### DATASET EXTRACT
*** Block opens ***
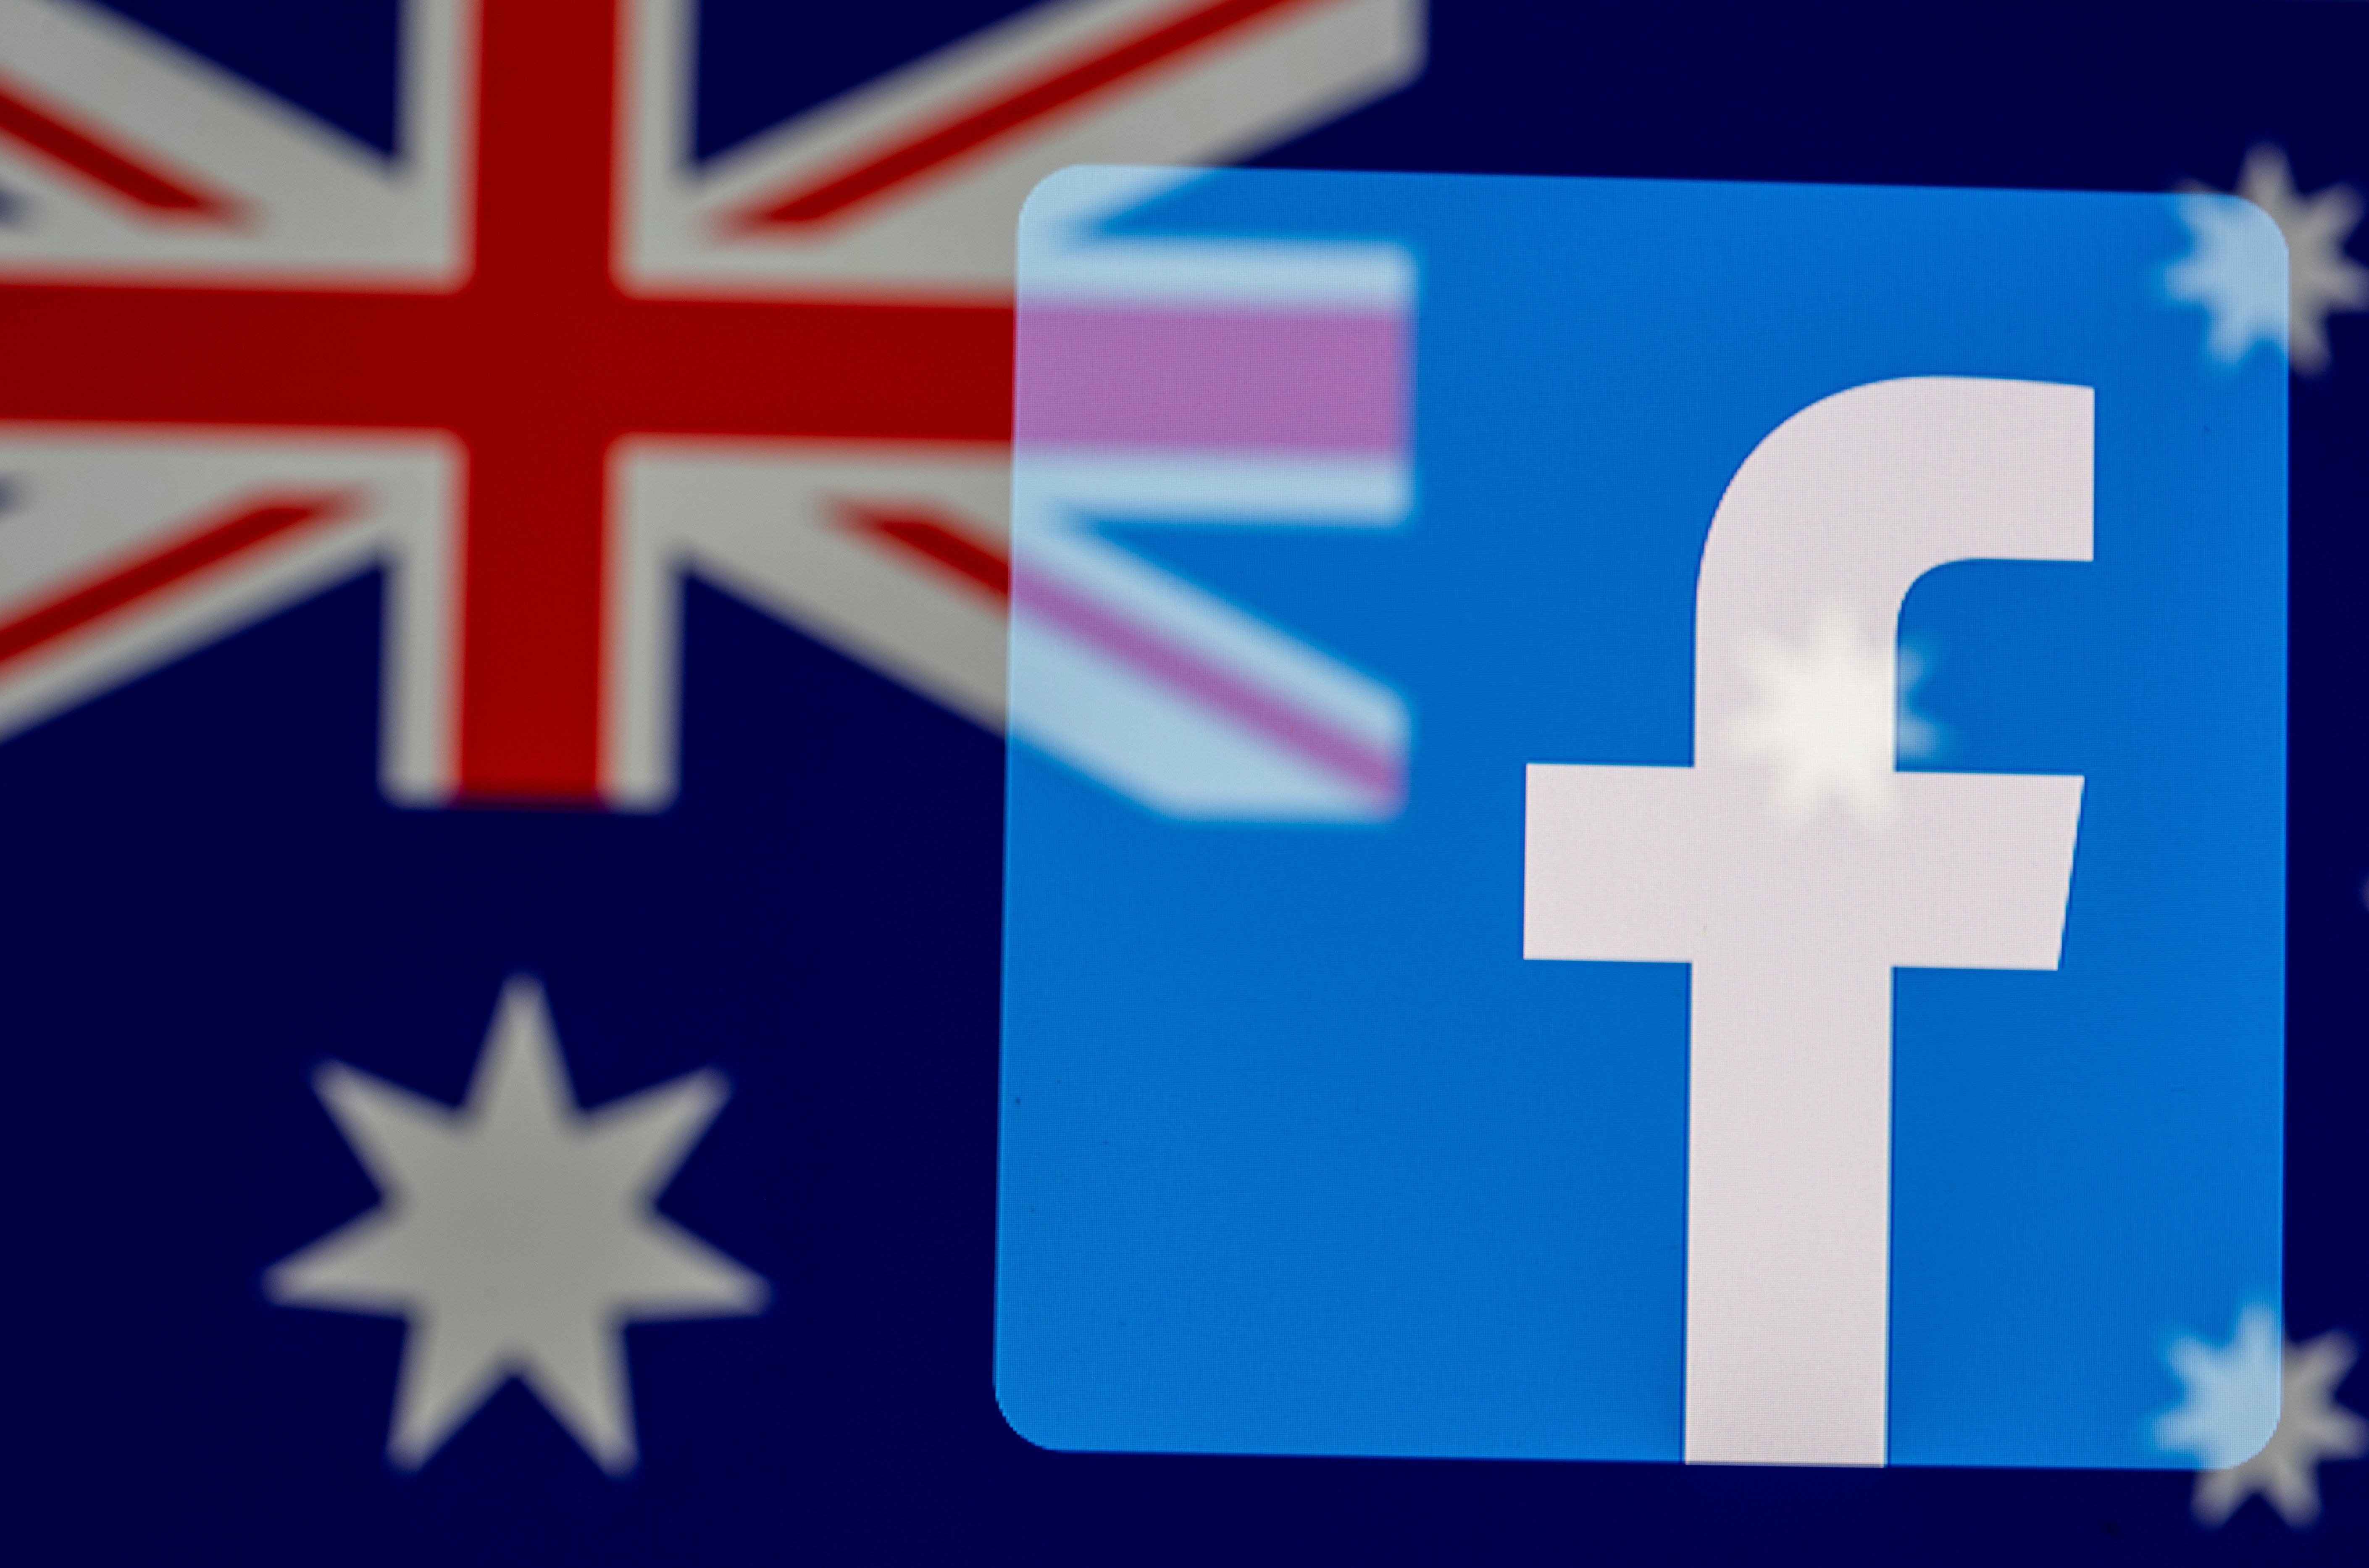 Australia won’t change planned content laws despite Facebook block – lawmaker
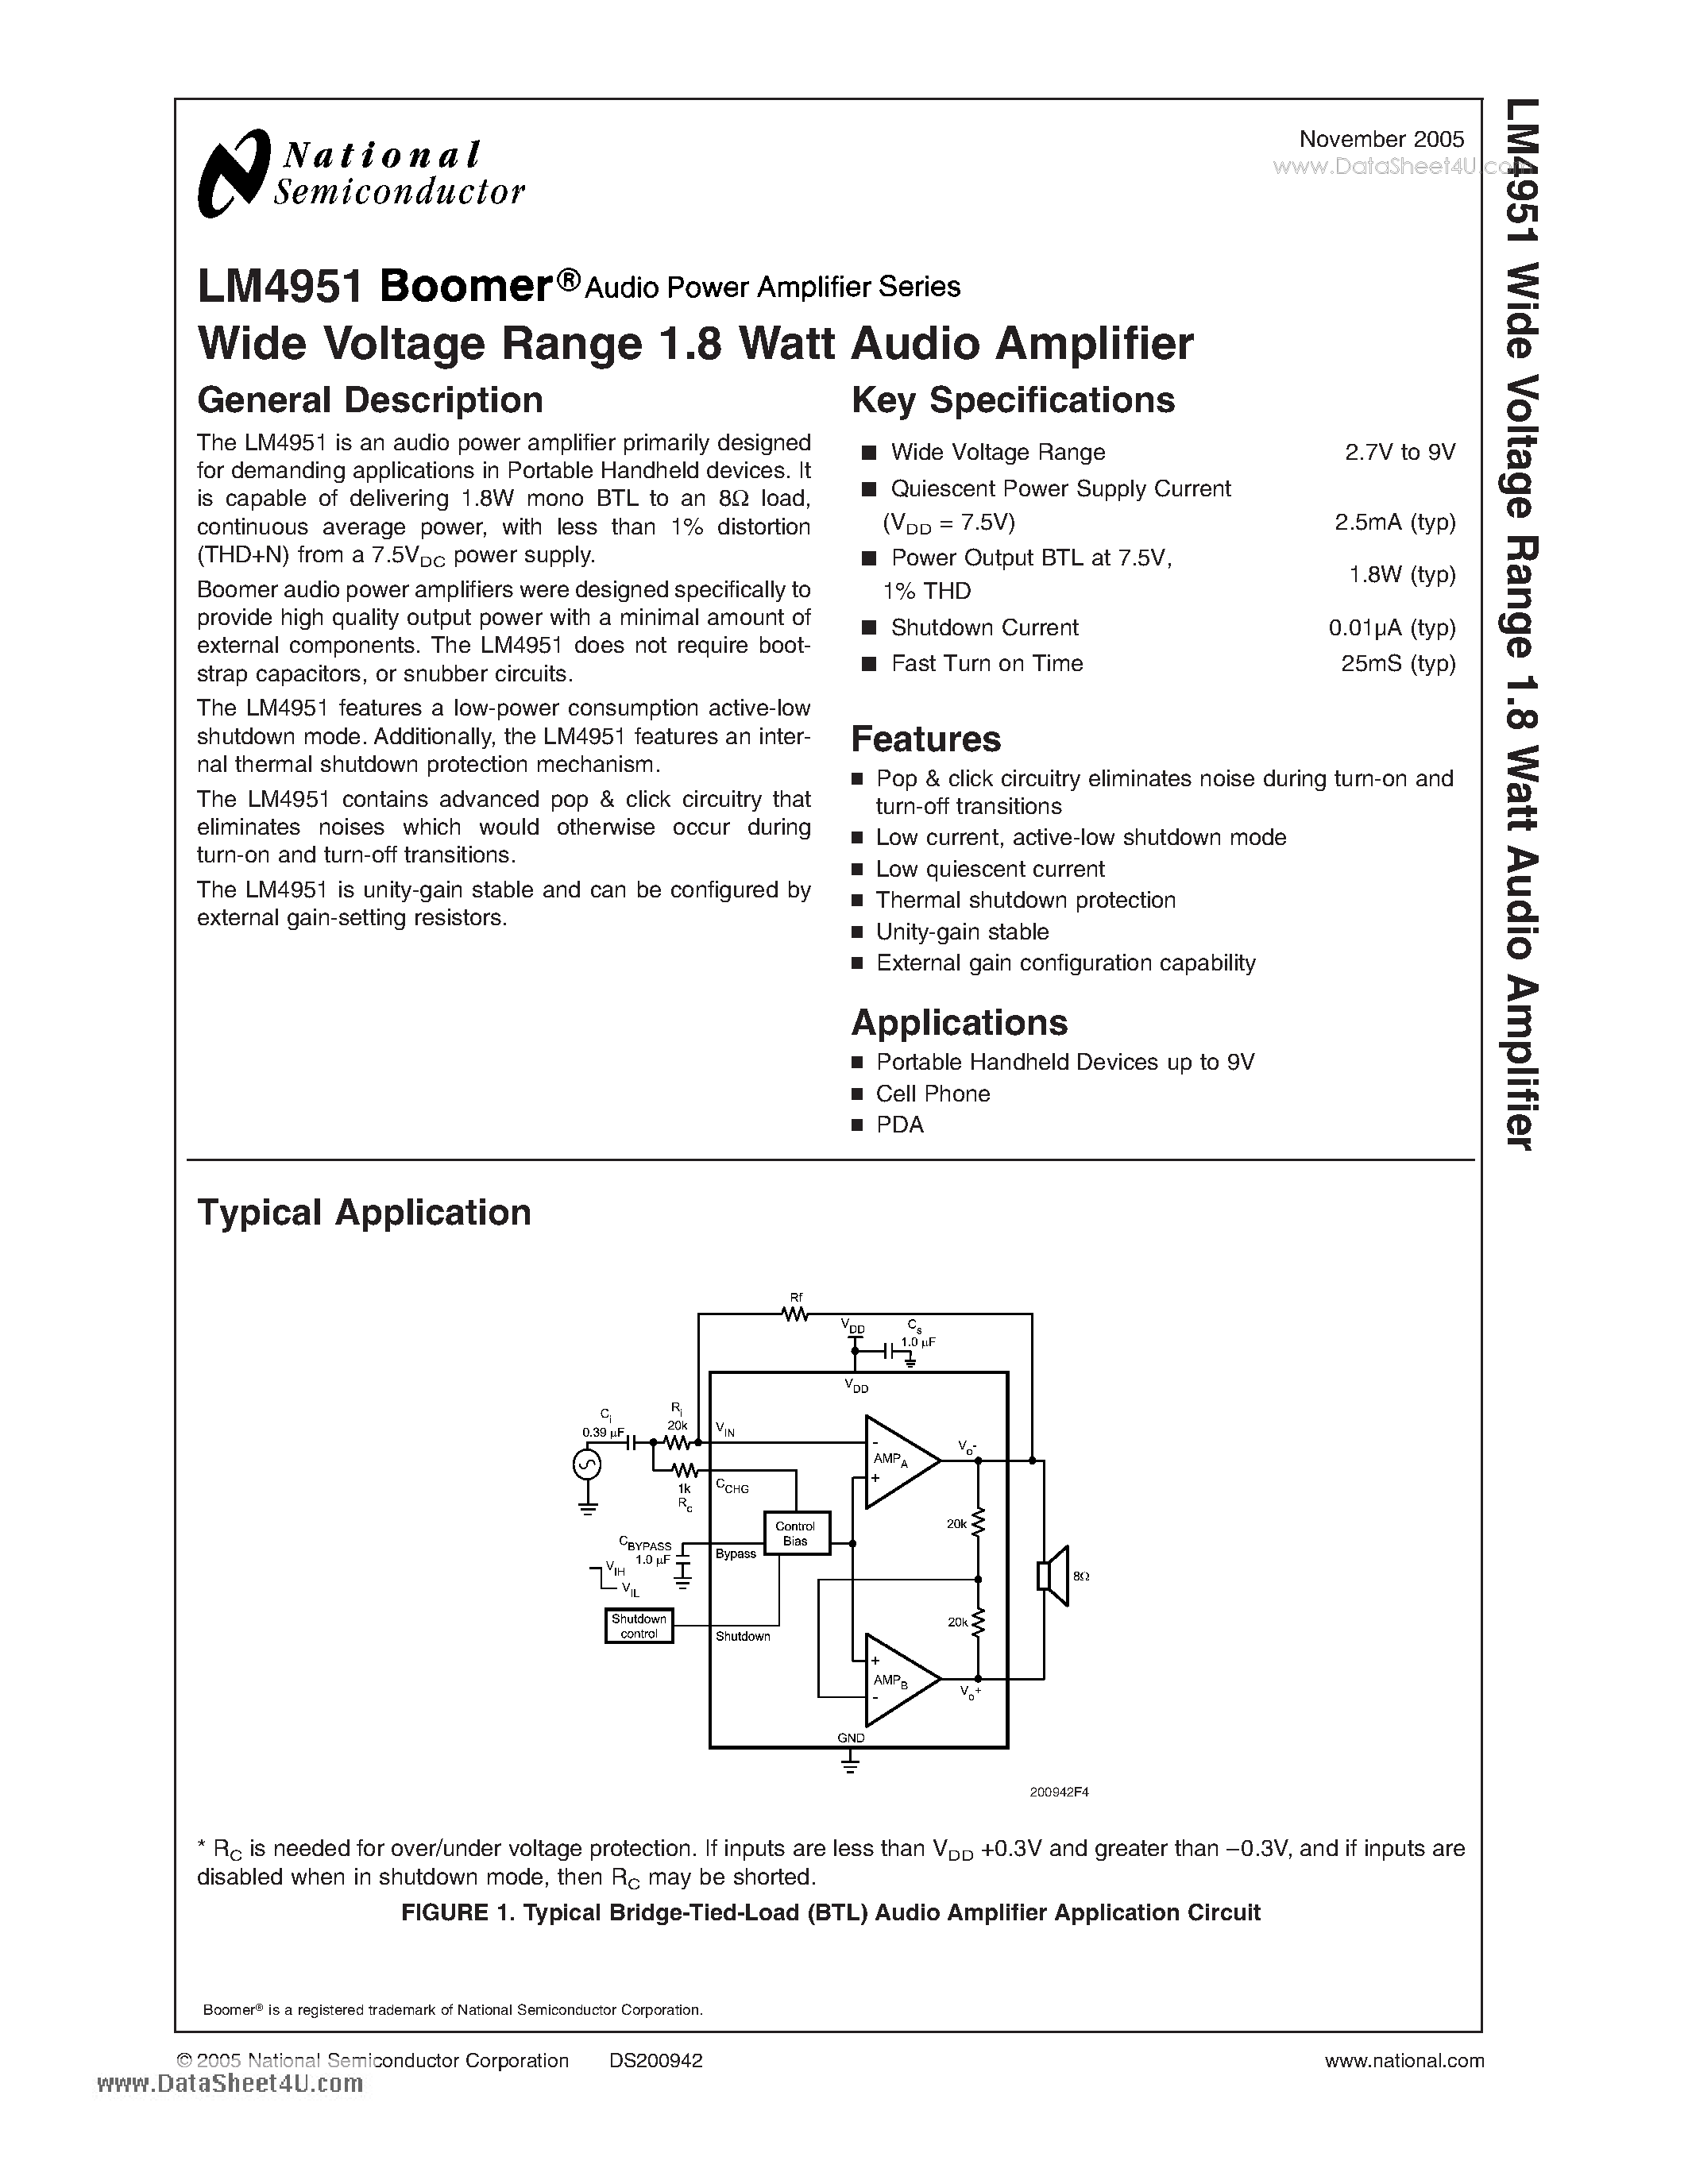 Datasheet LM4951 - Wide Voltage Range 1.8 Watt Audio Amplifier page 1
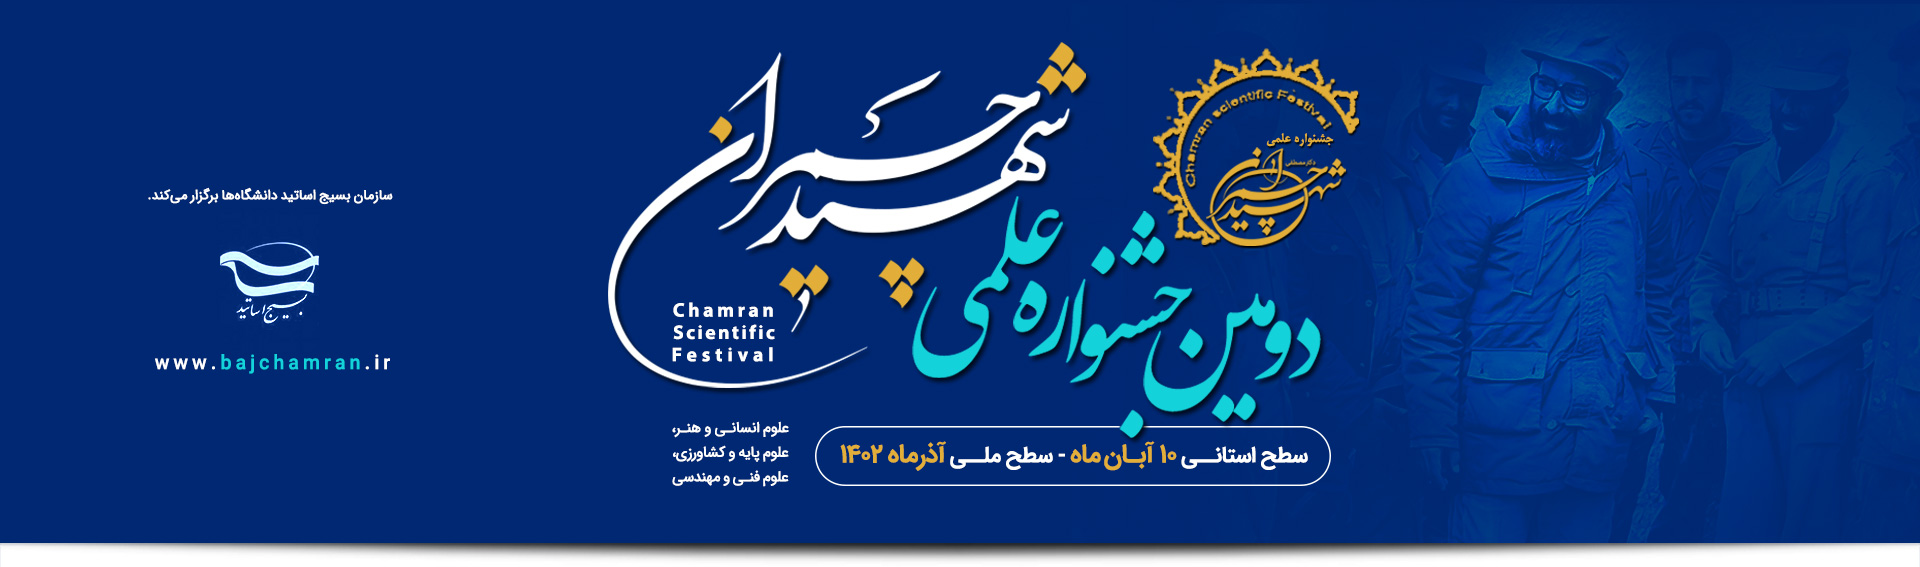 ارسال بیش از ۴ هزار اثر علمی به جشنواره شهید چمران
*** Block closes ***
Restate the full listing word for word, excluding images.

 Australia won’t change planned content laws despite Facebook block – lawmaker
 Datasheet LM4951 - Wide Voltage Range 1.8 Watt Audio Amplifier page 1
 ارسال بیش از ۴ هزار اثر علمی به جشنواره شهید چمران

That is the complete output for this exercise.